白色琴键有些发黄,指尖轻触似乎母亲的温度还尚在。
儿时的他常常听母亲弹琴,给他唱歌,也就是在那时在幼小的心里种下音乐的种子。
他双手搭在琴键上,音符如同刻在骨子里,随着血液流动纷至沓来,串成流畅的旋律回荡在略显萧瑟的空间里。
《晚禾》这首曲子是他以母亲命名,也承载了母亲可悲的一生。
随着指尖流动,曲调变换愈发激烈,心也跟着悲愤,指下的力道不自觉地加重,恨不得要击穿些什麽,才能得以宣泄命运对母亲的不公。

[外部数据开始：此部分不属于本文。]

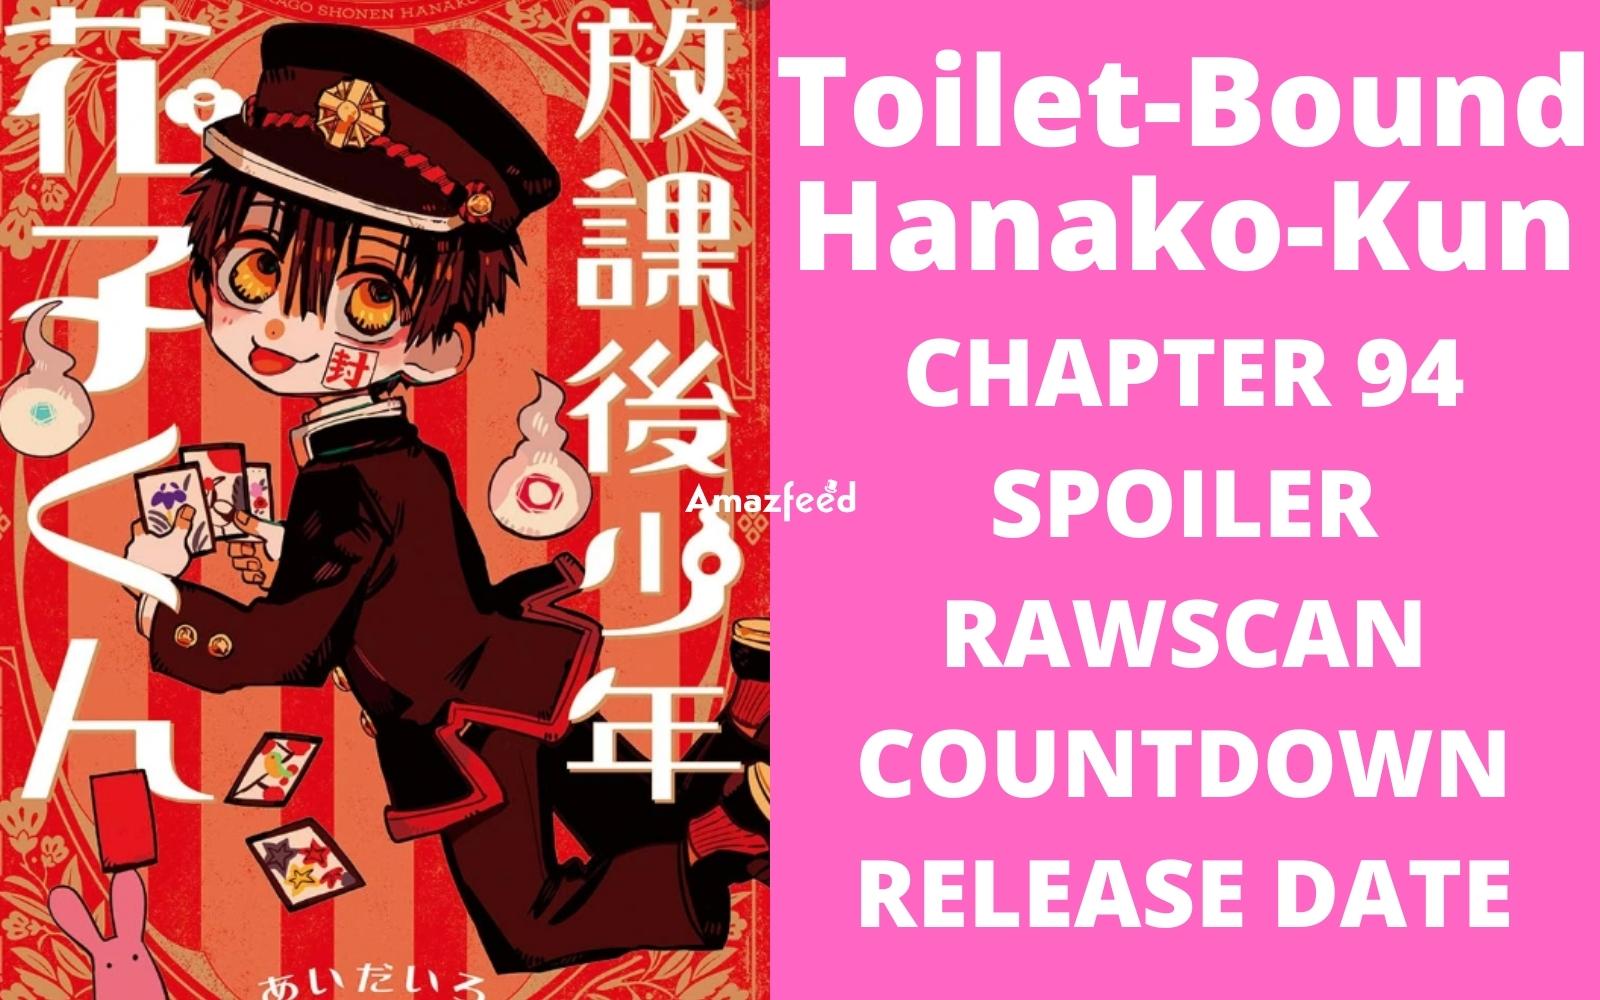 Toilet-Bound Hanako-Kun Chapter 94 Spoiler, Release Date

正如当时谱曲填词时,他是带着满腹怨气与一腔撕心裂肺的呐喊。
泪,早已不属于顾氏长孙,只能一滴一滴地深埋那个最不起眼的角落,时隔多年依然存在,消化不了更无法根除。
他的眼眸逐渐冰冷,尔後被仇恨染上腥红,充满戾气。
就在曲子达到高.潮时,一道空灵击破恨意的结界,纯然之声如空谷足音婉转又清明,将处于混沌之中的他拉了出来。
指尖变得缓慢而轻柔,忧伤悲愤的曲调有了她的加入,变得仅是个前奏,明快占据了主旋律。

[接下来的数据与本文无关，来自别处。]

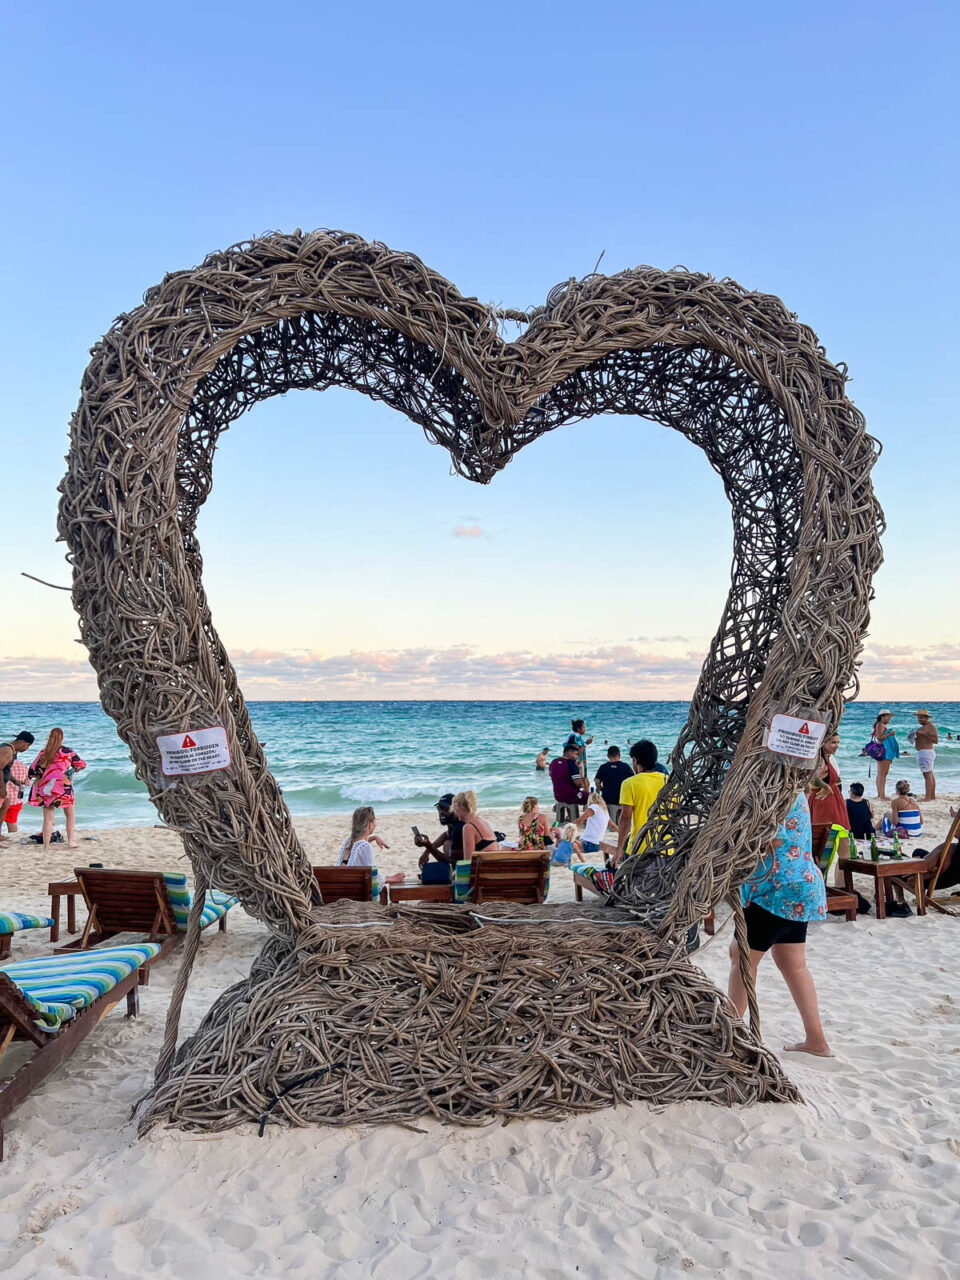 Heart sculpture on the beach in Playa del Carmen

同样的曲,相同的词,声线柔美的她演绎出对爱充满希望与期待的美好,如春雨润物般浇灭了他心中的戾气怨愤。
曲毕,姜芷音惊喜他会弹钢琴,又不禁响起小埋怨。“弹这麽好,还骗我说是摆设呢?”
顾寻笑得温润,“做为歌星的老公,自然要会弹一两首老婆的杰作。”
姜芷音才不信他说的呢。
顾寻岔开话题,问。“今天怎麽起得这麽早?”
她说,“梦到你就醒了。”
显然他对她的梦産生了兴趣,“哦?”
姜芷音努力回忆梦里的碎片,“我也不确定是不是你,是个小男孩一脸干巴巴地隐忍着什麽,我问他是受了委屈吗?”

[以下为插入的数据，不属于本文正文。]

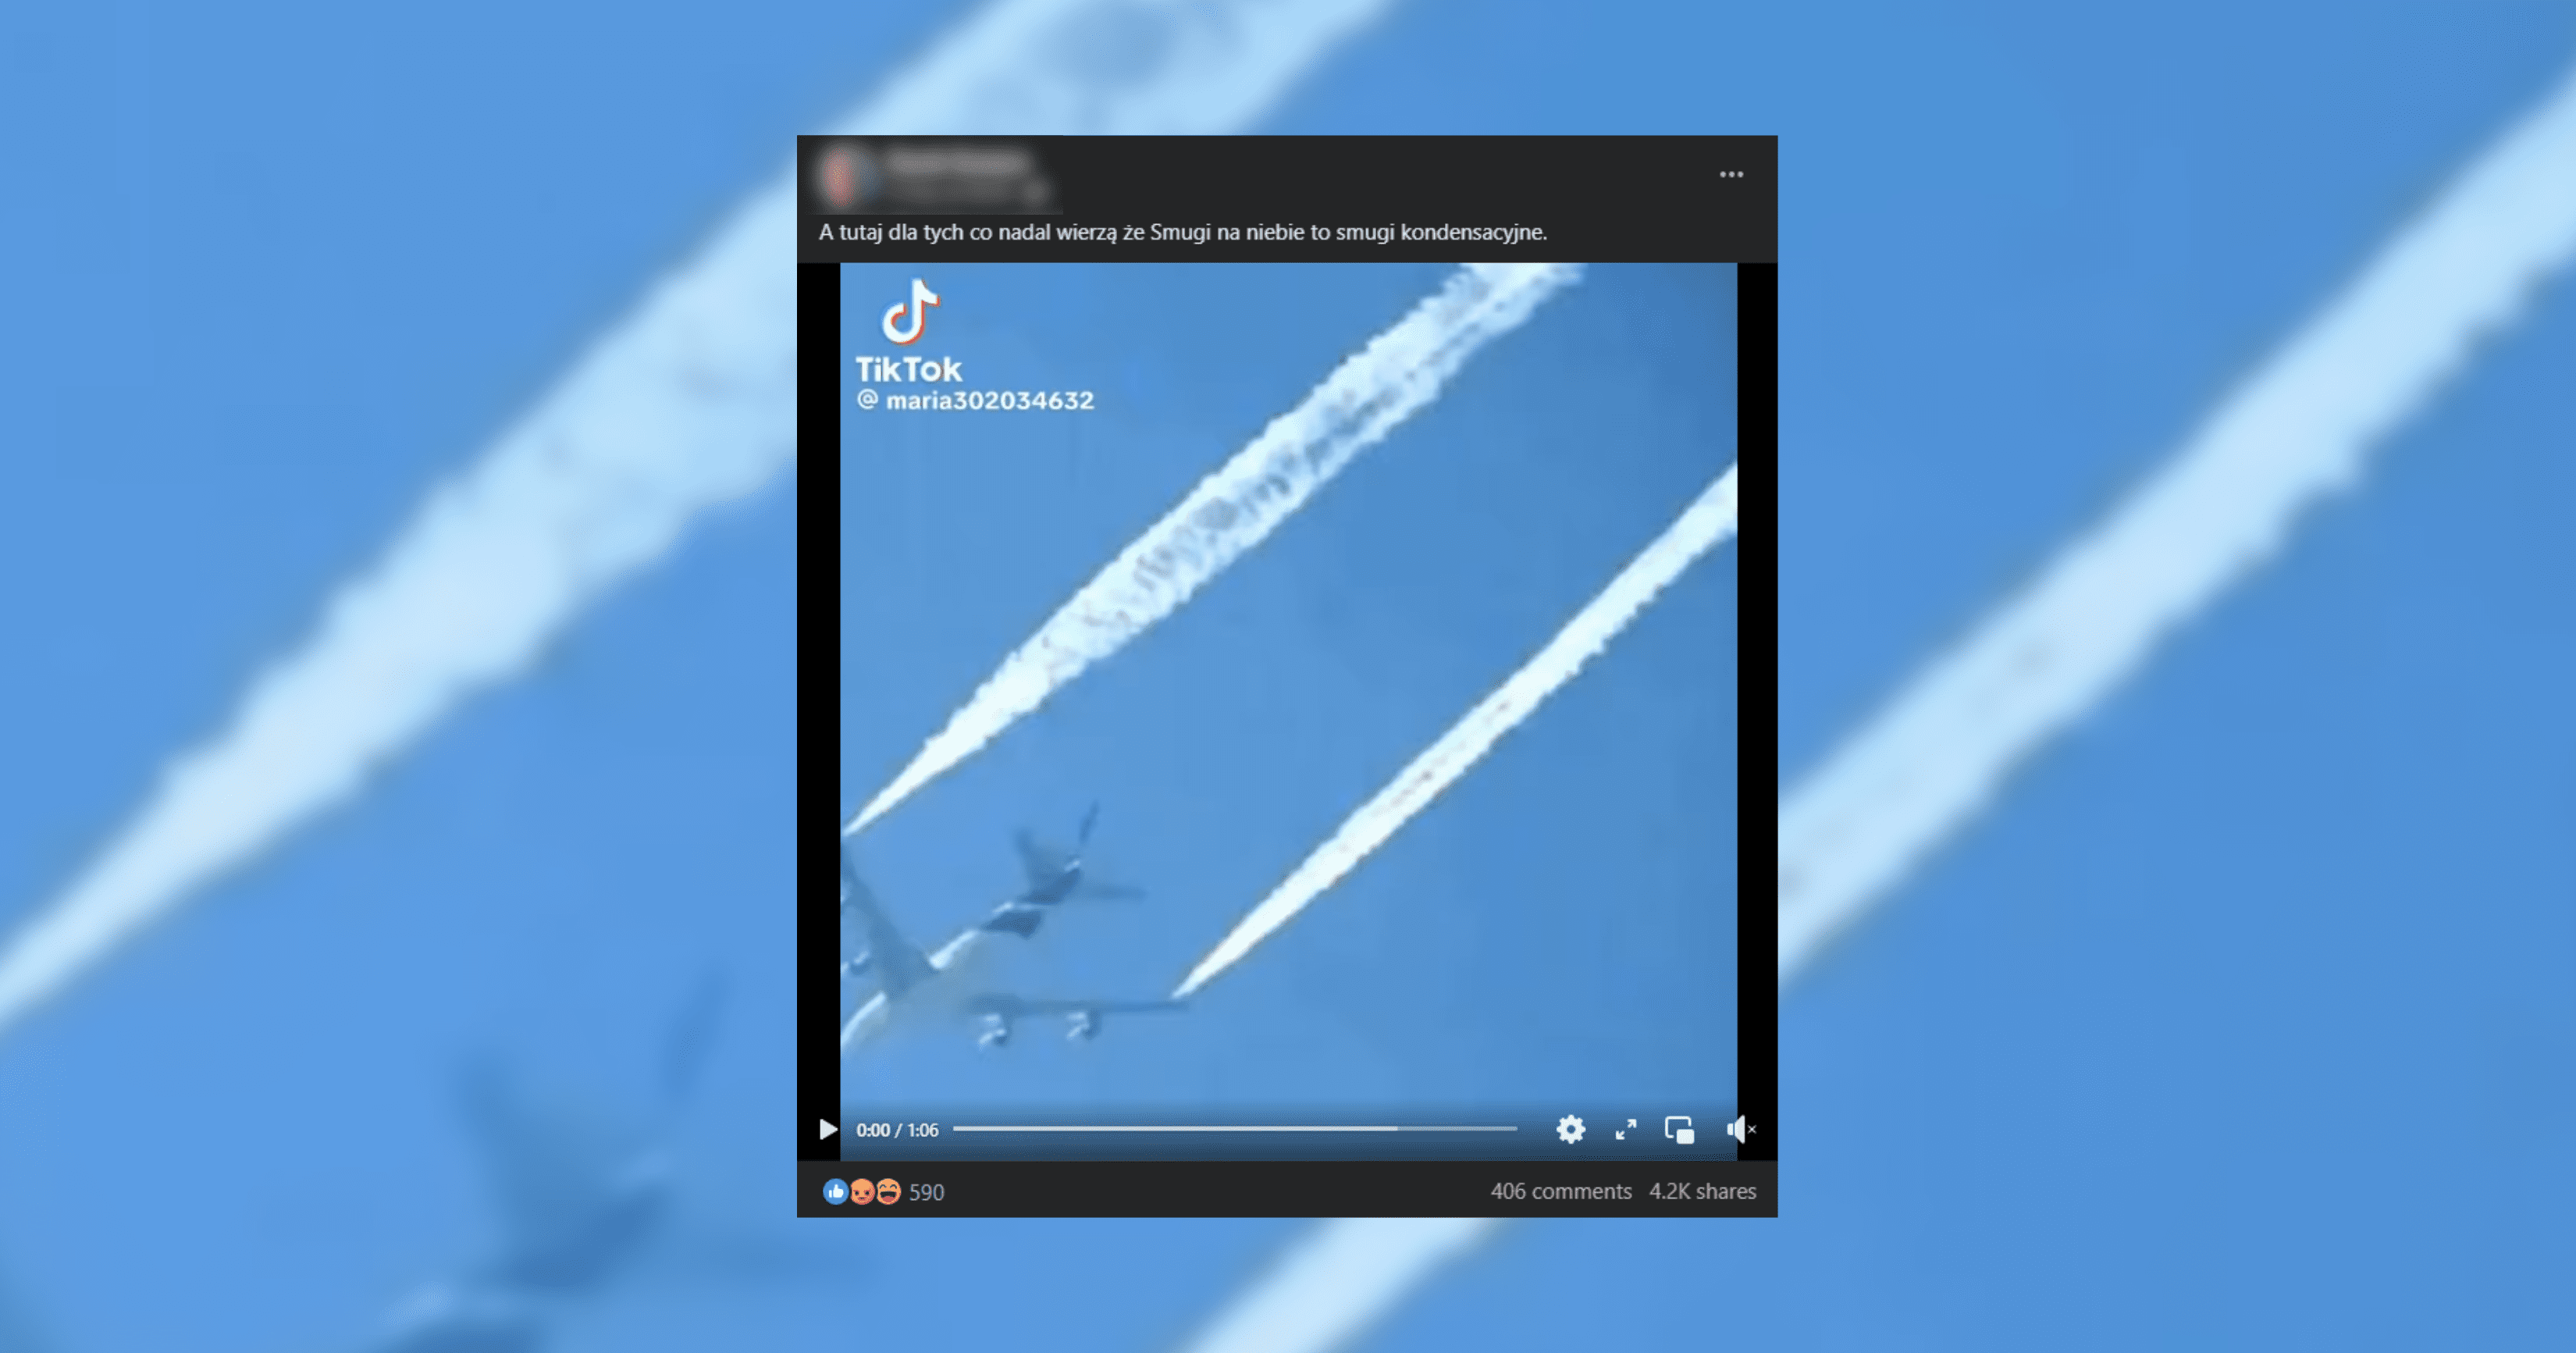 Screenshot posta o treści „A tutaj dla tych co nadal wierzą że Smugi na niebie to smugi kondensacyjne” z obrazkiem smug chemicznych za samolotem

“他就哭了,哭得稀里哗啦,像大暴雨一样,眼泪鼻涕什麽的都蹭到我衣服上。在梦里我还在想呢,这小孩儿怎麽这麽不见外嘛。”
“他哭够了,指着我说,将来要做我男朋友。”
顾寻低垂着眼眸,神情复杂地问。“後来呢?”
“後来我就醒了。”姜芷音现在想想,怎麽也无法把他跟小哭包联系到一起,“也许不是你。”
顾寻内心好像有什麽在释然,笑着说,“就是我。”
*
姜芷音窝在亭子里,好怀念的舒服,前阵子被简歌抓去忙,最近又都是在隔壁跟他腻歪。
要不是顾寻临时有事出去,还真没独处的机会。
姜芷音枕在抱枕堆里,想着好久没在亭子里看天空发呆了。
几朵悠闲的云飘来,有一朵像爱心的形状,她拿起手机拍下来,等顾寻回来给他看。
眼看着云朵飘出镜头外,她跑出亭子去追,找好角度就在定格咔嚓时响起电话铃声,举着的手机差点砸到脸上,好险!
姜芷音看着陌生号码,拒接,继续拍。
对面似乎抱着不接就继续,直到接听为止的执念,吵得她好烦,倒是要看看是什麽诈骗电话。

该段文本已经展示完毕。